- _Problem requirements_: Every line of the listing must be reproduced as it stands. Leave the images behind.

- _Information supplied_:
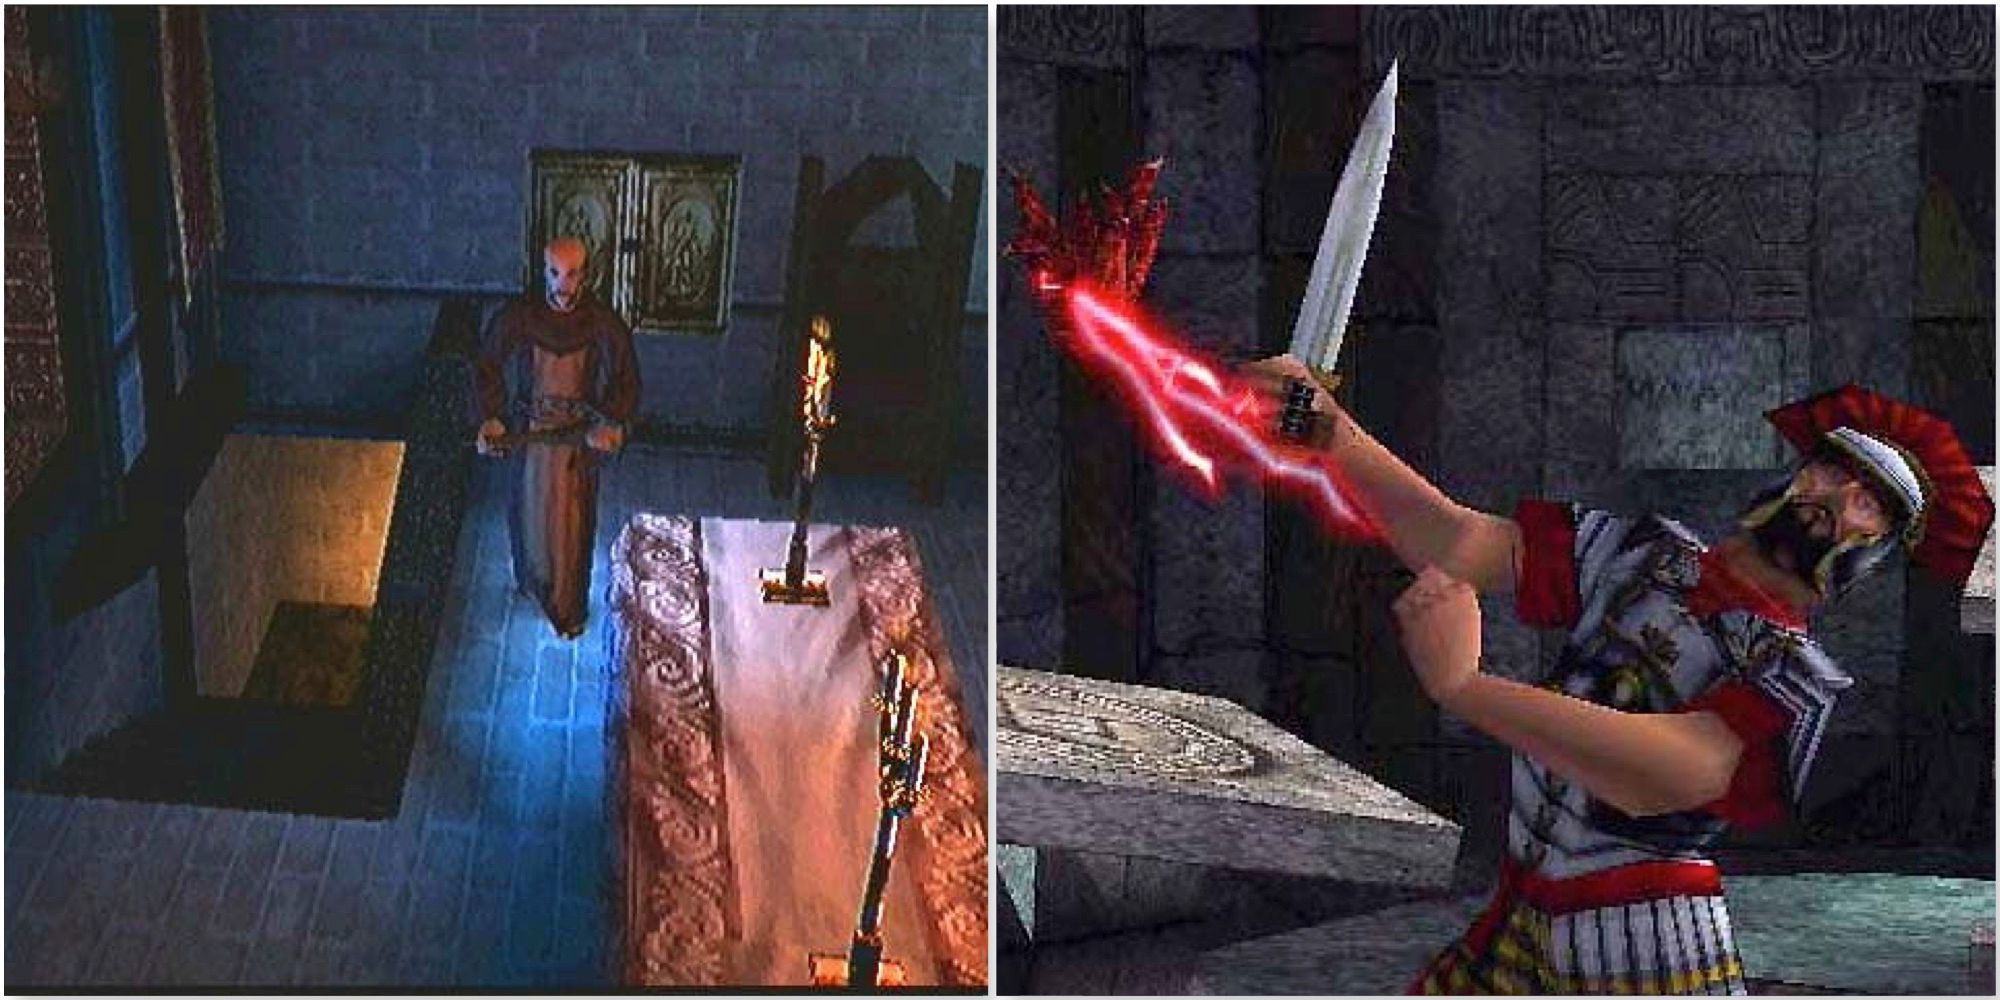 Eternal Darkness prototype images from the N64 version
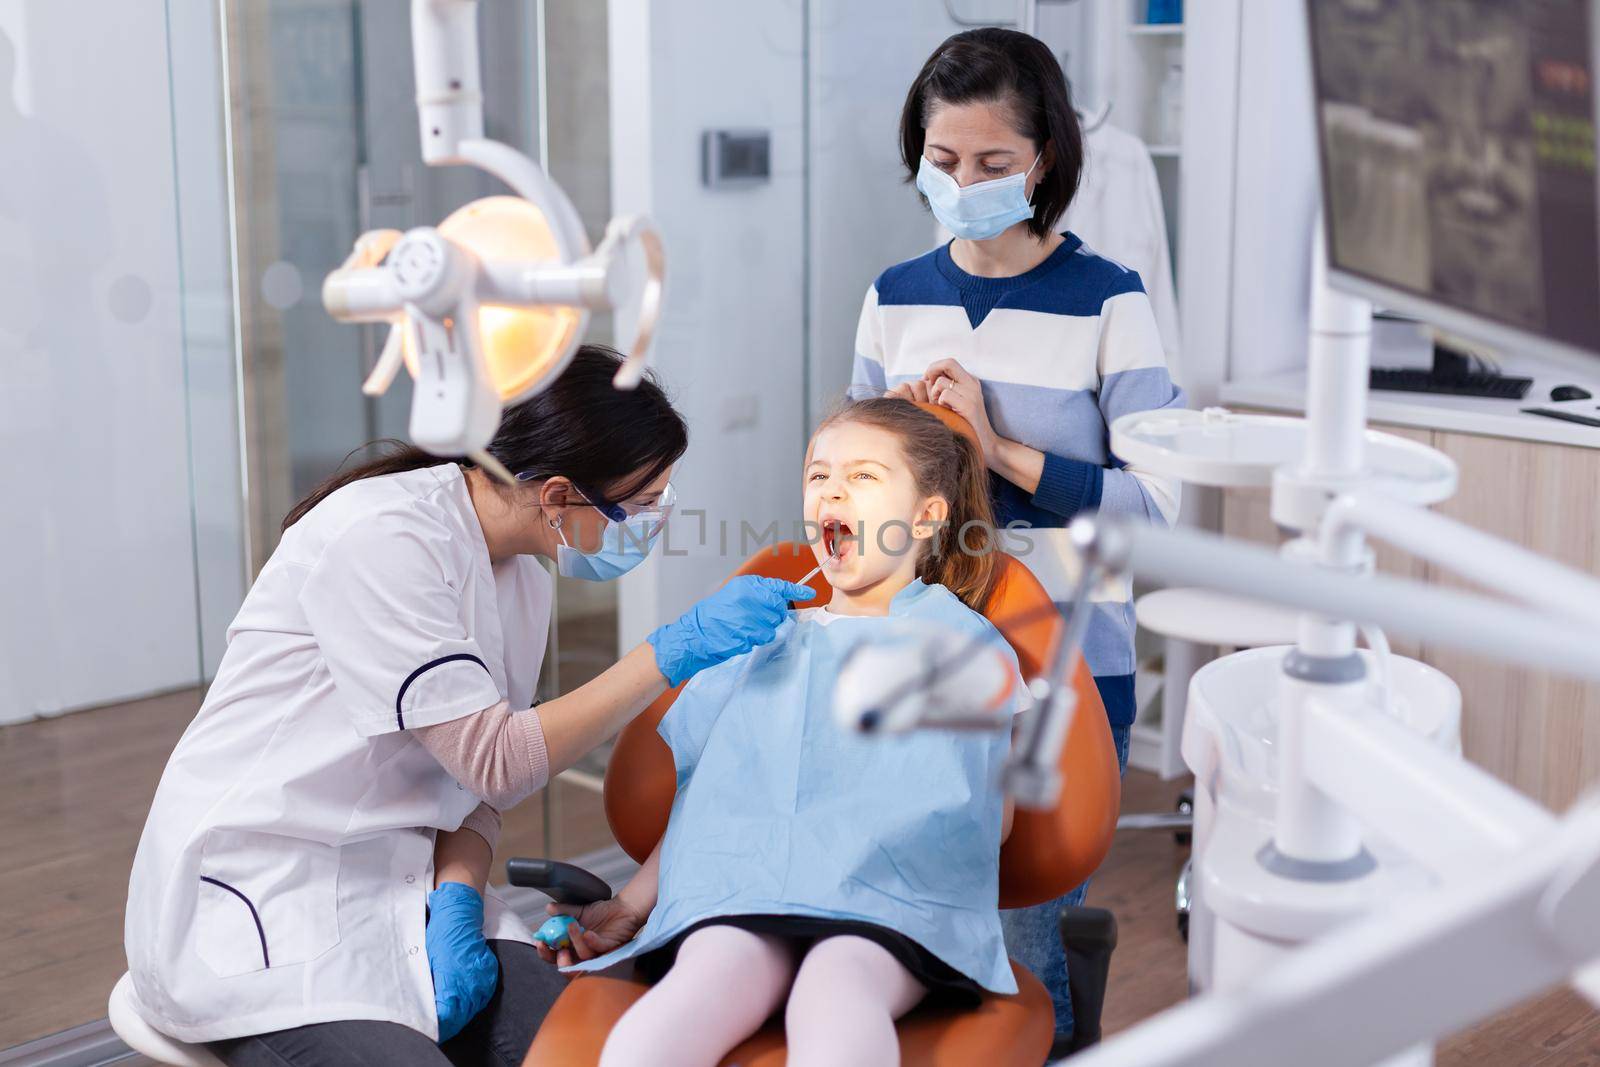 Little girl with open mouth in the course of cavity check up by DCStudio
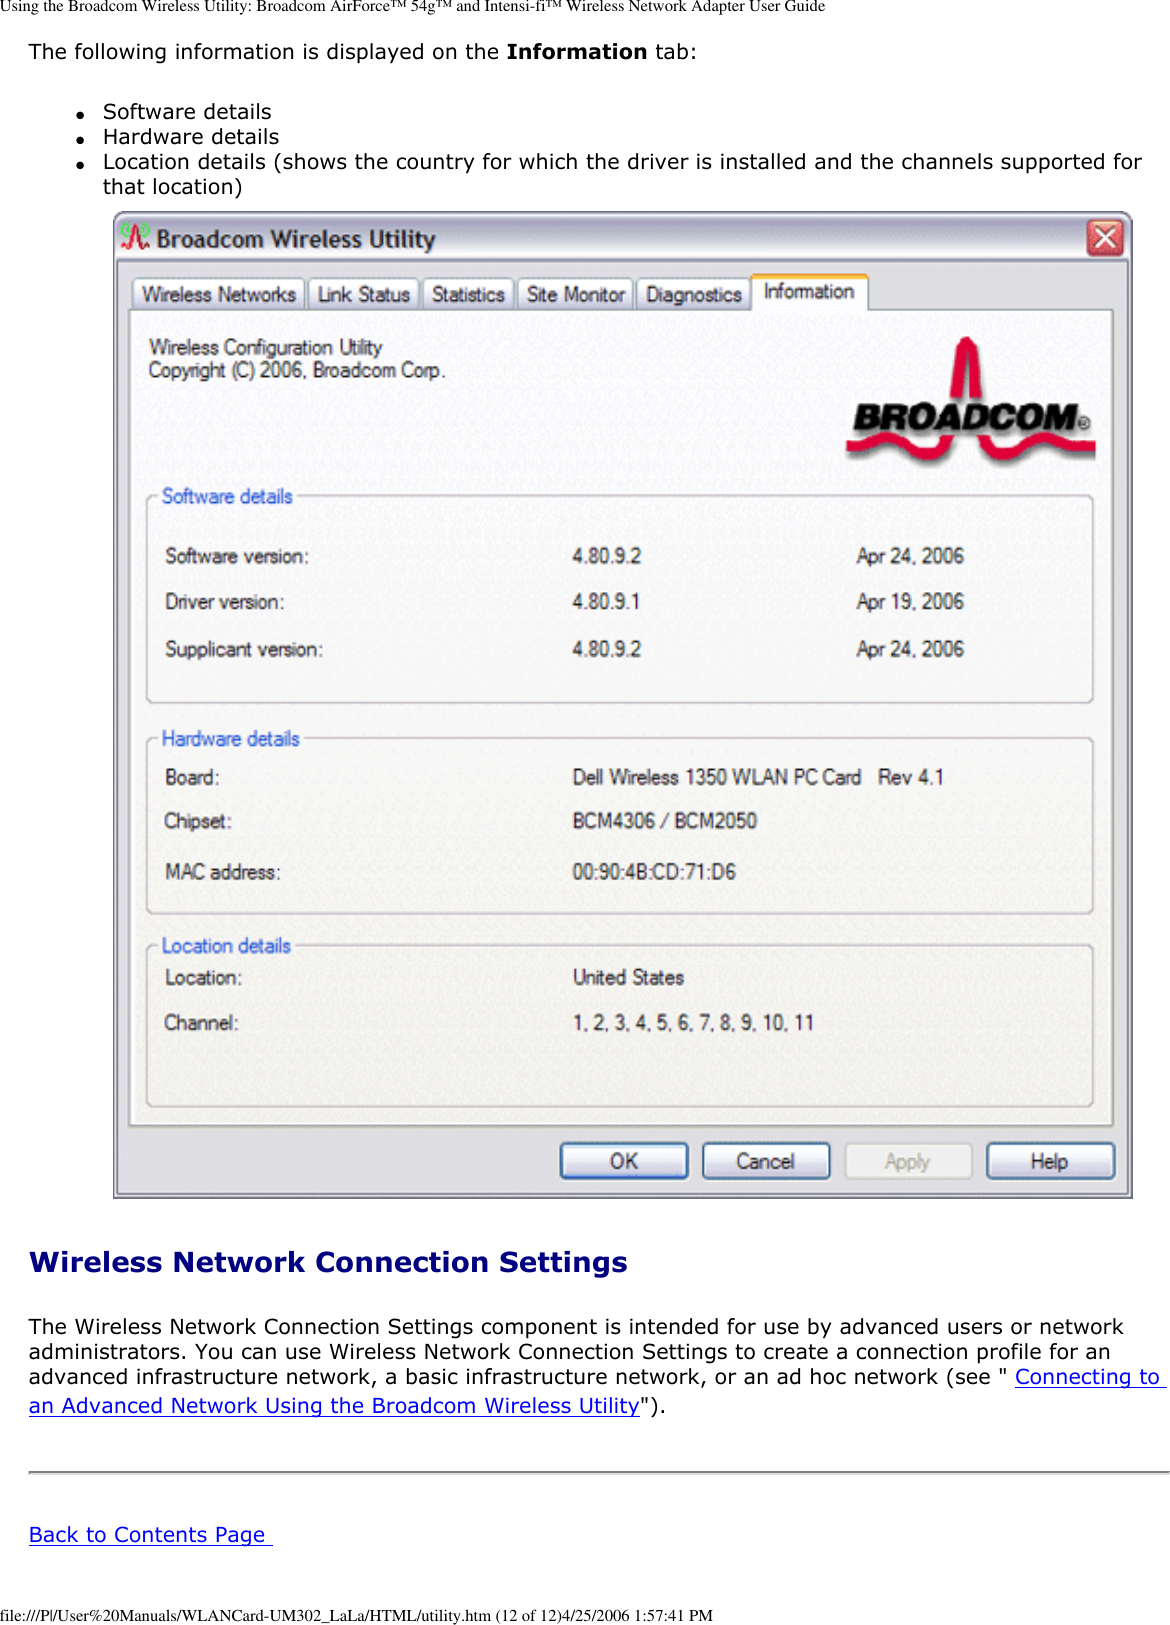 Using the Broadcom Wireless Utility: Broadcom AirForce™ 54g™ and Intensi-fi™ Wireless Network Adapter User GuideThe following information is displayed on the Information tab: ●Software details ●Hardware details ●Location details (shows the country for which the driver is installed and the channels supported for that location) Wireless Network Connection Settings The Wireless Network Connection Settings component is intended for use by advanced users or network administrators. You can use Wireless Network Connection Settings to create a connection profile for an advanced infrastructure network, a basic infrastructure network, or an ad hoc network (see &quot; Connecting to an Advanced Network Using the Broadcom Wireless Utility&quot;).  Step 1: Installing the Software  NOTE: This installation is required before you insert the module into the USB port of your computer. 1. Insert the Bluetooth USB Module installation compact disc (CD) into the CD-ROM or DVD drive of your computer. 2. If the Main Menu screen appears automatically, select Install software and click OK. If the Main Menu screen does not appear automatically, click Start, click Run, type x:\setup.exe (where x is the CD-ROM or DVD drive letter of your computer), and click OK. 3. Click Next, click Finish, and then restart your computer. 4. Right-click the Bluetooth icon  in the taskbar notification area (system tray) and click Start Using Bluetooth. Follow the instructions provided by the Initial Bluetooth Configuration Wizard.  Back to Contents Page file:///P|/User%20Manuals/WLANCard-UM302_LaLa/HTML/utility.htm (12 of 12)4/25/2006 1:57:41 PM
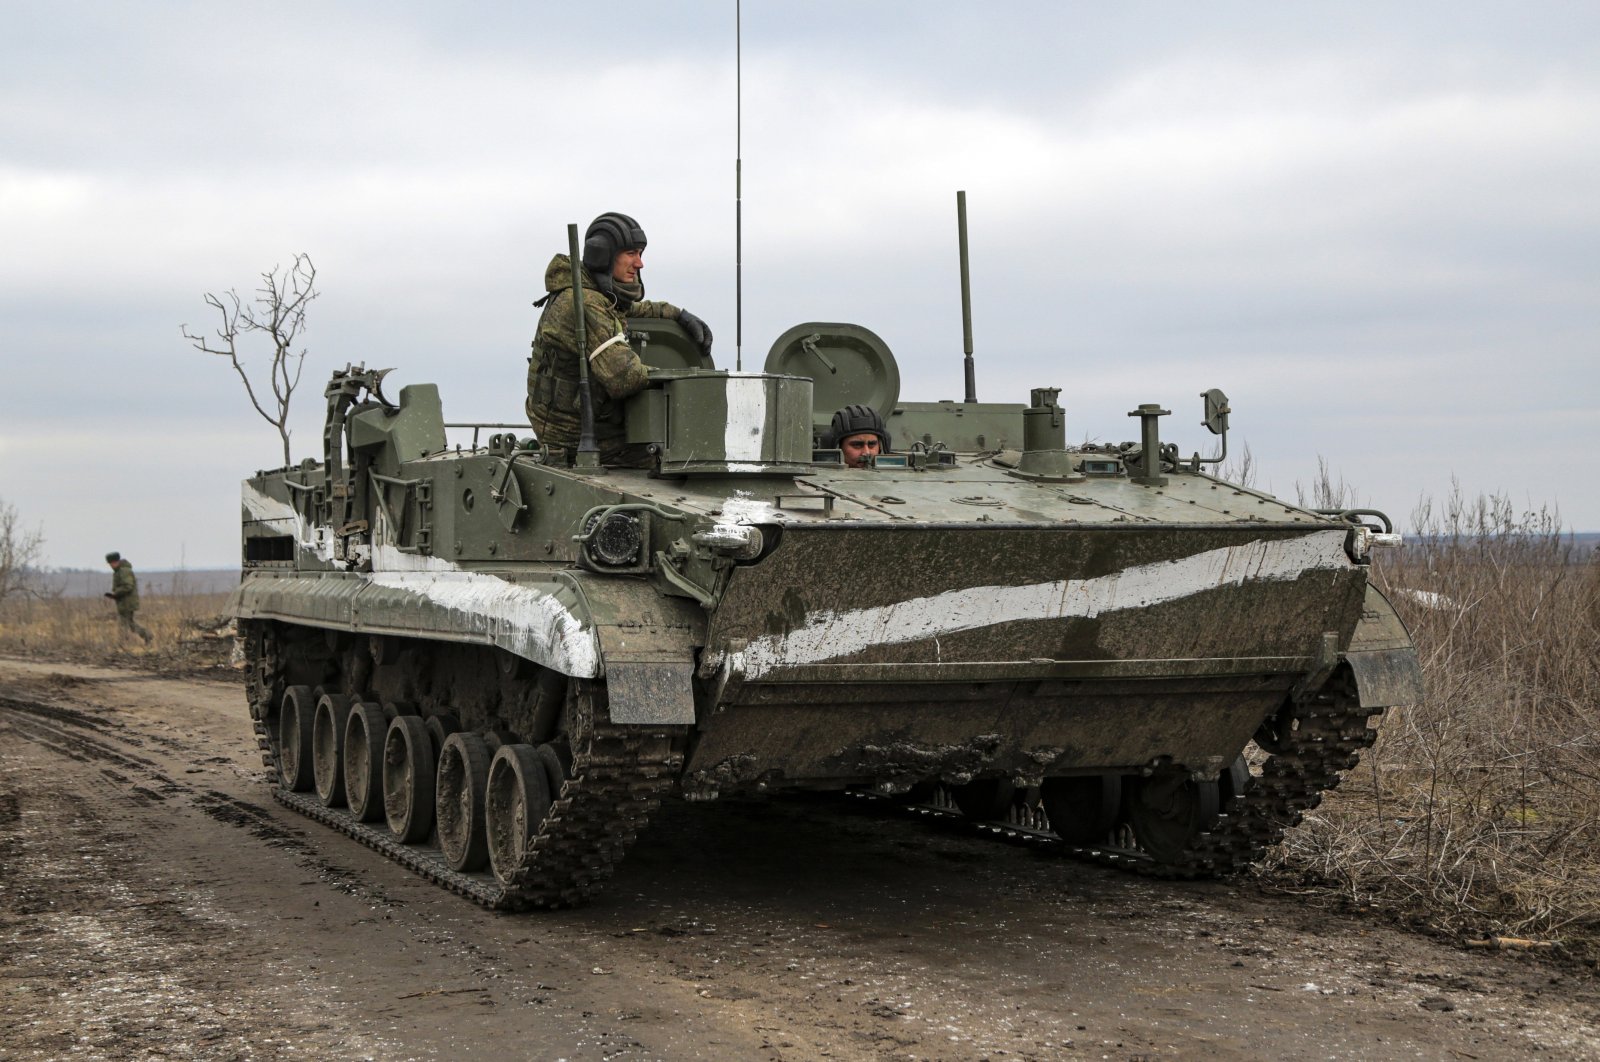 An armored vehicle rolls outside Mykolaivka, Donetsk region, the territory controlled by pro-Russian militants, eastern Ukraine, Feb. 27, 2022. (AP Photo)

- _Reply_:
 Eternal Darkness prototype images from the N64 version
 Little girl with open mouth in the course of cavity check up by DCStudio
 Using the Broadcom Wireless Utility: Broadcom AirForce™ 54g™ and Intensi-fi™ Wireless Network Adapter User GuideThe following information is displayed on the Information tab: ●Software details ●Hardware details ●Location details (shows the country for which the driver is installed and the channels supported for that location) Wireless Network Connection Settings The Wireless Network Connection Settings component is intended for use by advanced users or network administrators. You can use Wireless Network Connection Settings to create a connection profile for an advanced infrastructure network, a basic infrastructure network, or an ad hoc network (see &quot; Connecting to an Advanced Network Using the Broadcom Wireless Utility&quot;).  Step 1: Installing the Software  NOTE: This installation is required before you insert the module into the USB port of your computer. 1. Insert the Bluetooth USB Module installation compact disc (CD) into the CD-ROM or DVD drive of your computer. 2. If the Main Menu screen appears automatically, select Install software and click OK. If the Main Menu screen does not appear automatically, click Start, click Run, type x:\setup.exe (where x is the CD-ROM or DVD drive letter of your computer), and click OK. 3. Click Next, click Finish, and then restart your computer. 4. Right-click the Bluetooth icon  in the taskbar notification area (system tray) and click Start Using Bluetooth. Follow the instructions provided by the Initial Bluetooth Configuration Wizard.  Back to Contents Page file:///P|/User%20Manuals/WLANCard-UM302_LaLa/HTML/utility.htm (12 of 12)4/25/2006 1:57:41 PM
 An armored vehicle rolls outside Mykolaivka, Donetsk region, the territory controlled by pro-Russian militants, eastern Ukraine, Feb. 27, 2022. (AP Photo)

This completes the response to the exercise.